Additionally, the European Union’s Parliamentary Assembly of the Council of Europe (PACE), has called for the establishment of an international criminal tribunal to “investigate and prosecute the crime of aggression allegedly committed by the political and military leadership of the Russian Federation.”
Based in the French city of Strasbourg, PACE said the tribunal should “have the power to issue international arrest warrants and not be limited by state immunity or the immunity of heads of state and government and other State officials.”
Russia’s Defense Ministry said on April 28 that more than 1 million Ukrainians have been deported to Russia since Feb. 24 when Putin ordered a renewed invasion of the country.

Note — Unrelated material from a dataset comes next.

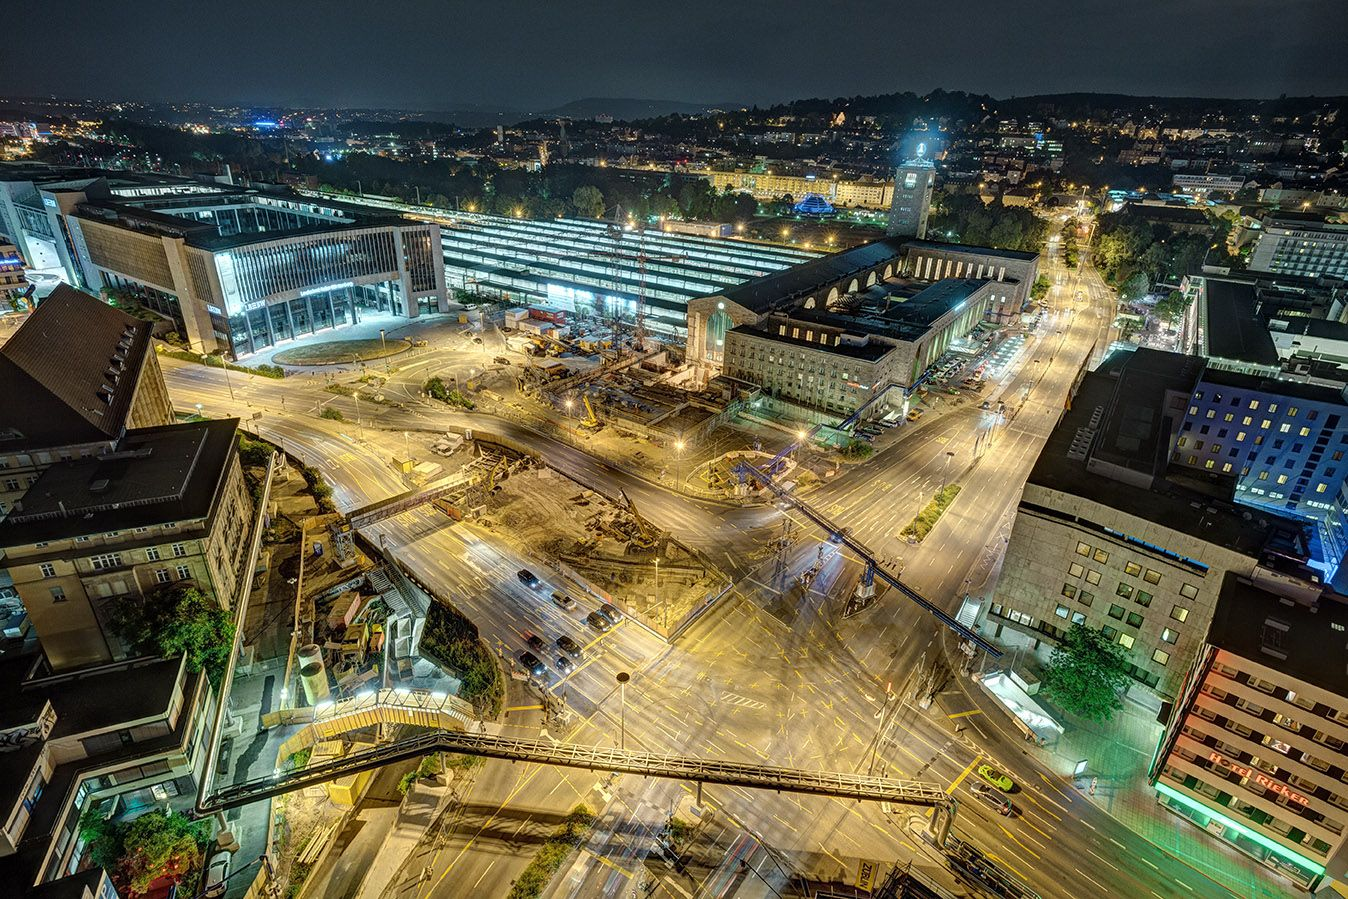 Aus 70 Meter Höhe, #nachts über dem Arnulf-Klett-Platz: #Stuttgart #Hauptbahnhof. ( #Kriegsbergstrasse #Friedrichstrasse #HeilbronnerStrasse #Kreuzung )

More than 180,000 of those allegedly deported are children.
Ukraine’s ombudswoman, Lyudmyla Denisova has said the deportations are being done by force and President Volodymyr Zelensky has called such actions as a component of “genocide” against the nation.
The renewed invasion is part of a war that Putin has waged against Ukraine since 2014 when he ordered troops to seize Ukraine’s Crimean Peninsula and occupy parts of the easternmost regions of Donetsk and Luhansk.
It is the biggest war on the European continent since World War II and has caused the displacement of a quarter of Ukraine’s population, with more than 5.6 million people fleeing the country, data from the United Nations says.